Mole Map Clinic
Rapid Access Skin Cancer Screening, Surgery, Mole Checks & Mapping
State-of-the-art Automated Total Body Mapping:
This sophisticated software is designed to detect abnormal moles accurately when carried out periodically at regular intervals.
Atypical Moles (or Naevi) may occur anywhere on the body, are often larger than other moles, have an odd shape and have more than one colour.
Mole Mapping: When combined with clinical examination, it detects skin cancer early and avoids unnecessary scars. For further information, please discuss with your dermatologist.
Commonly Asked Questions Regarding Mole Mapping:
Do I need a referral for mole mapping?
You do not need a referral if you want to have mole mapping carried out.
What happens if one of my mole have showed significant changes after mole mapping?
Your dermatologist will have a discussion about the next recommended step which would be to have it excised (removed surgically).
How long does it take to get mole mapping done?
A typical mole mapping for the whole body will take approximately 30-40 minutes.
How soon should I hear about the outcome after my mole mapping?
You will be informed within a week by our clinical nurse specialist if there are any concerns or further steps required after your mole mapping has been carried out.
What is the cost for a face-to-face, total body skin check (consultation)?
A total body skin check of your moles and skin cancer screening will cost around €250.00. This examination will be carried out by a double board certified consultant dermatologist & surgeon.
I do not have health insurance, but I am worried about my moles. What should I do?
We aim to review all patients with urgent medical concerns with top priority regardless of whether they have health insurance or not. We encourage you to call us to follow-up on your urgent appointment request if you have not heard from us within 2 weeks from your referral.
Is Mole Mapping similar to face-to-face consultation?
Mole mapping is a service to screen for abnormal moles, carried out by a highly trained dermatology clinical nurse specialist. However, a review by a consultant dermatologist will also be part of this service if there are any concerns in any of your moles from initial screening.
It is recommended that your moles are mapped regularly to ensure that there are no changes in them. This allows early skin cancer detection.
How often should I have my moles mapped?
The frequency of your mole mapping will depend on your risk factors, and especially if you had melanoma previously or not. It is highly recommended to have your mole regularly mapped for the best outcome and prevention. Please speak to our staff for more information.
Diagnostics and Treatment of Skin Cancers (Basal cell carcinoma, Squamous cell carcinoma, Melanoma)
'Skin cancer is the most common cancer in Ireland, with over 13,000 new cases diagnosed every year. The National Cancer Registry of Ireland (NCRI) expects this number to double by 2040. Majority of cases are caused by UV rays from the sun or sunbeds.' For the best outcome, patients with skin cancer are best co-managed by dermatologists, plastic surgeons, oncologists and occasionally GPs with an interest in this area.

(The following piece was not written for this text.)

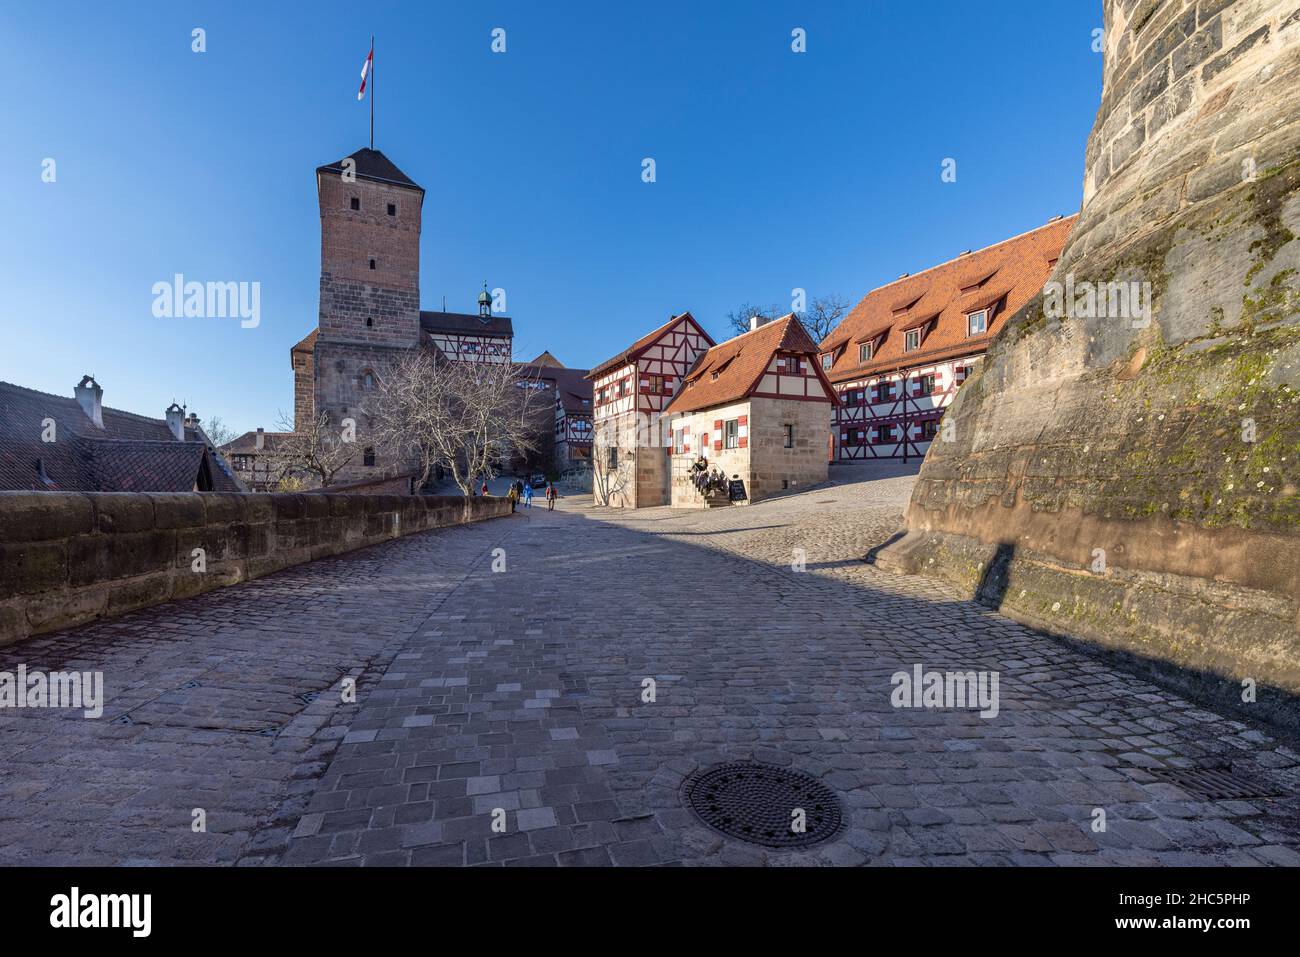 Nuremberg Castle Winter High Resolution Stock Photography and ...
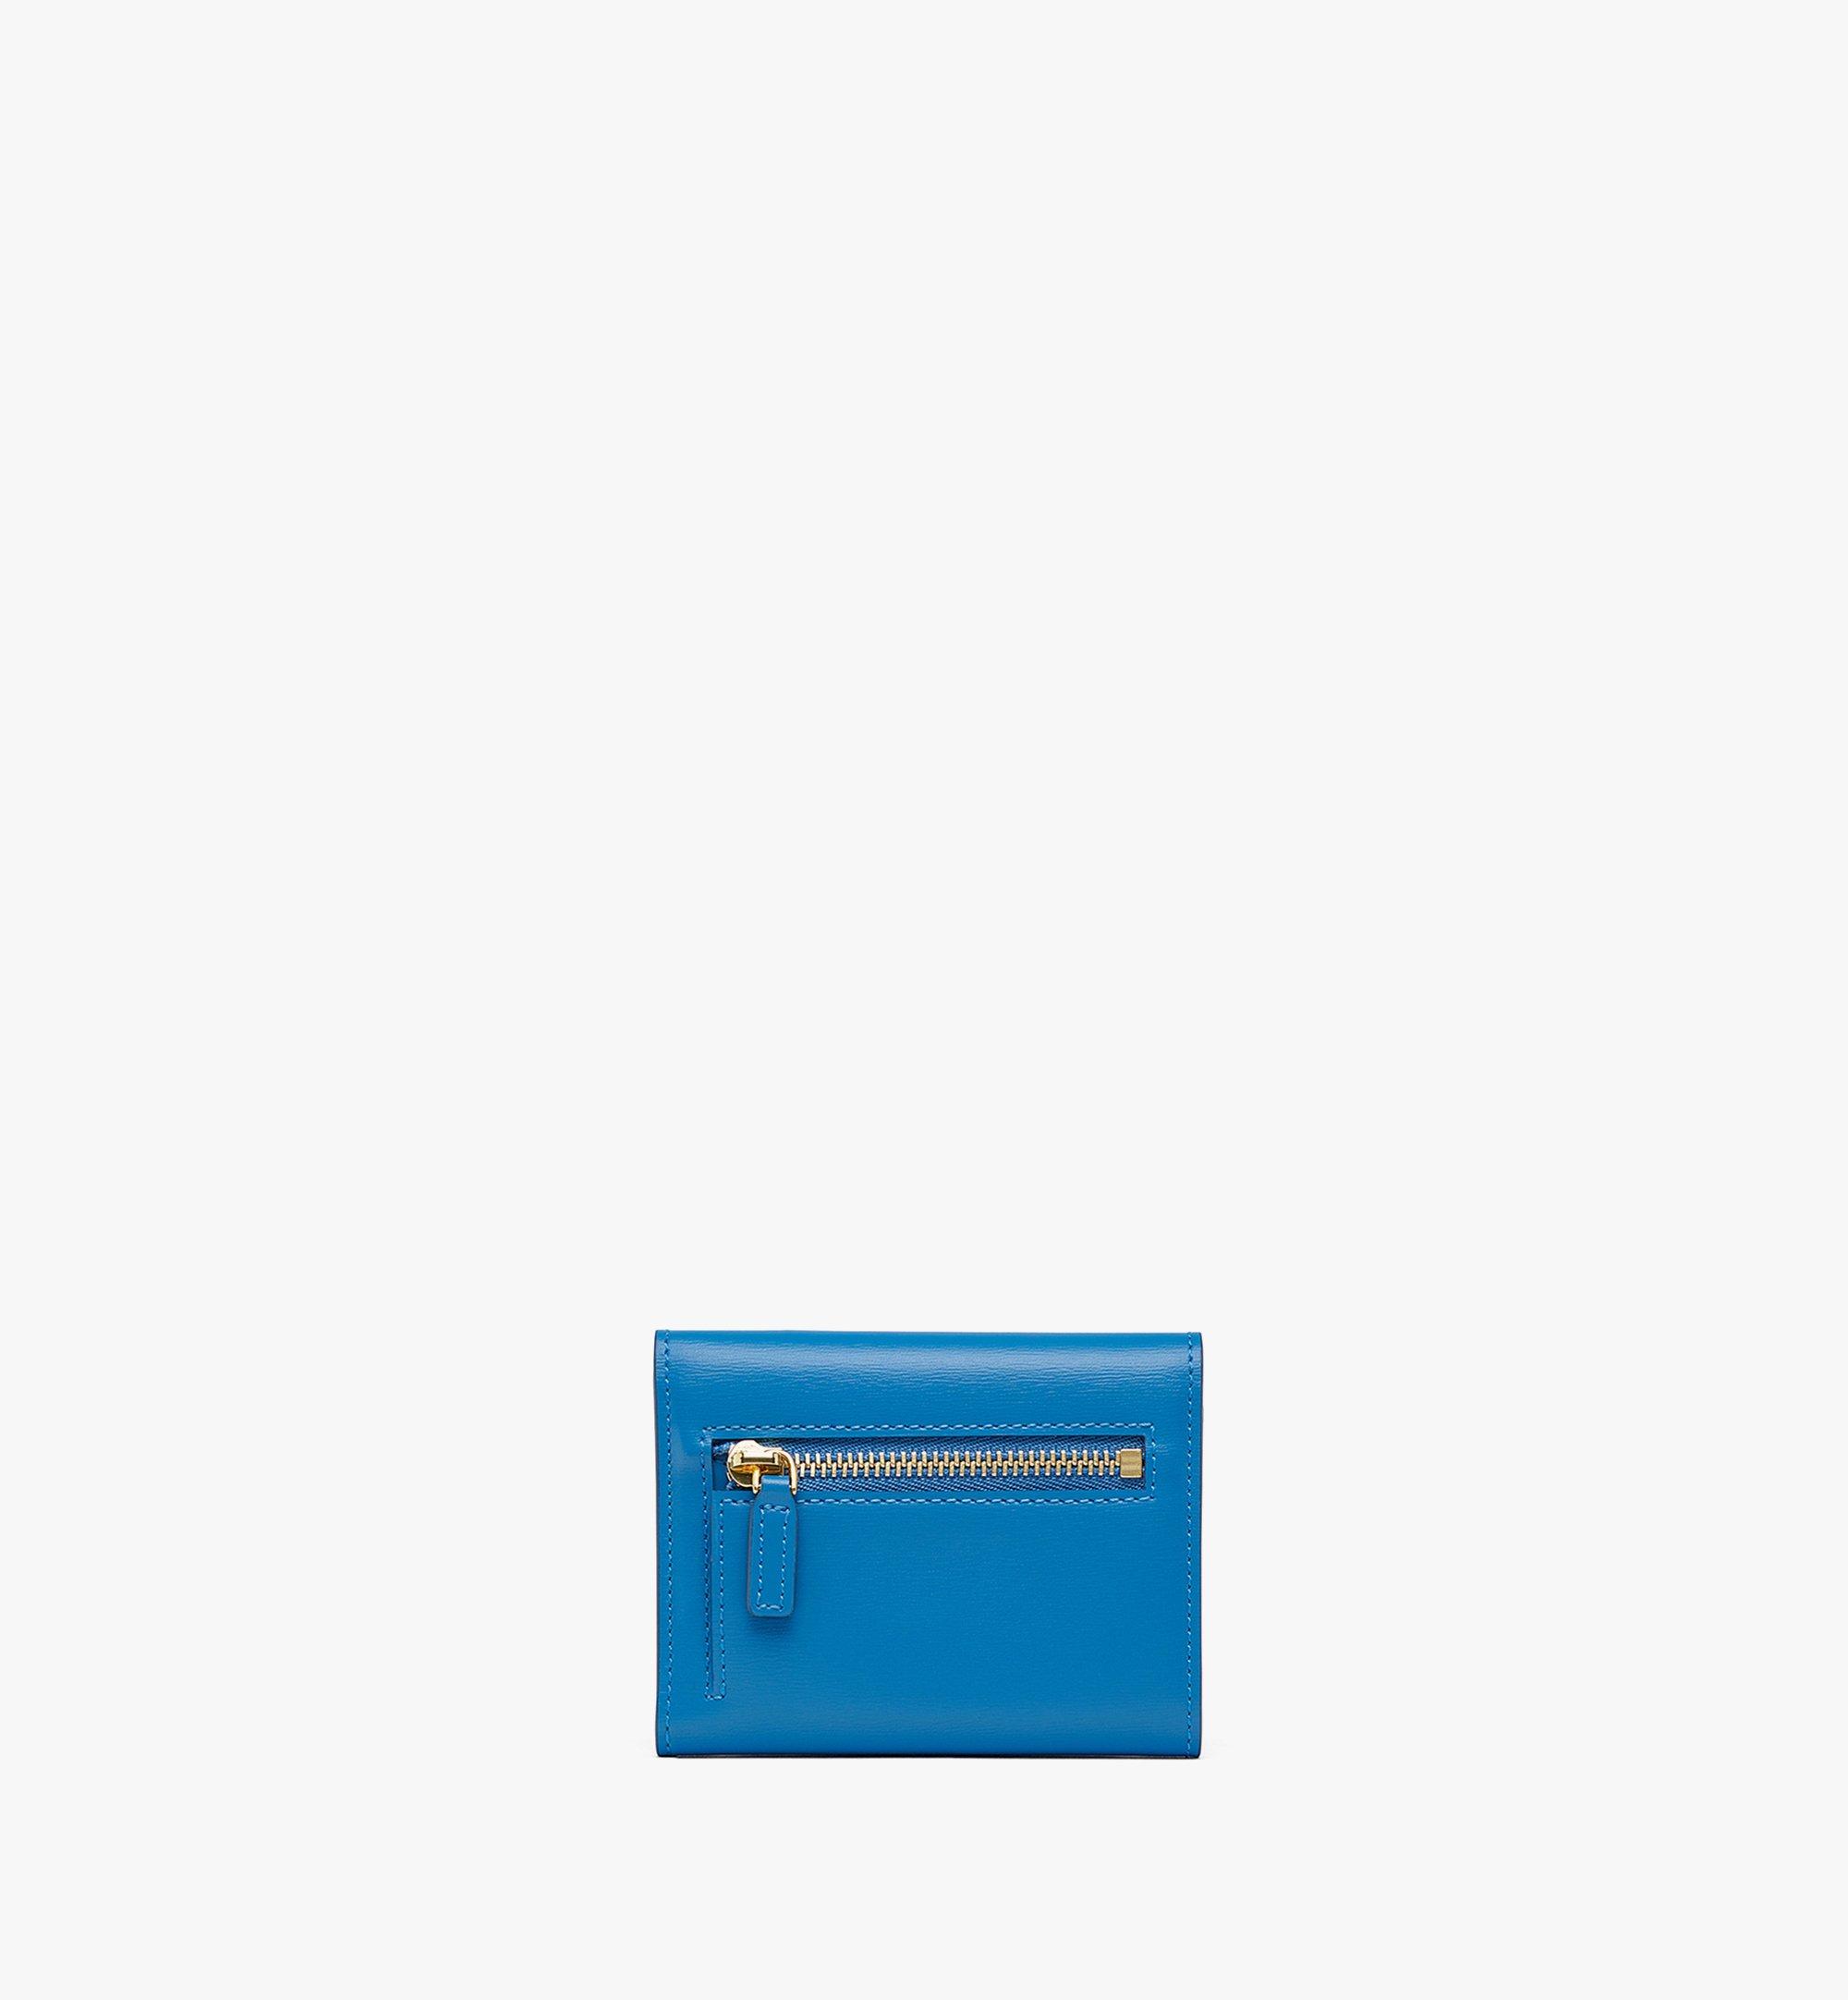 MCM Patricia Trifold Wallet in Spanish Leather Blue MYSBAPA01H9001 Alternate View 2

SKIN CANCER SCREENING & PREVENTION PROGRAM
Melanoma & Skin Cancer Awareness
Plastic Surgeons and other skin cancer specialist where required.
GP with SI in skin cancer medicine.
Skin cancer Clinical Nurse Specialist.
Health promotion to create awareness about skin cancer prevention.
Identify at risk individuals who will benefit from education and risk modification to prevent skin cancer.
Prevent onset of skin cancer with regular assessments and treatment of pre-cancerous lesions.
Identify patients with early disease / pre-cancerous lesions, prevent disease progression by recommending early tests and treatment where necessary.
Reduce morbidity and mortality in patients with established disease and subsequently enroll them into surveillance program for regular checks to prevent recurrence or further development of new malignancies on other sites.
HIGH RISK POPULATION:
People with fair complexion, blond or red hair, blue eyes and freckles.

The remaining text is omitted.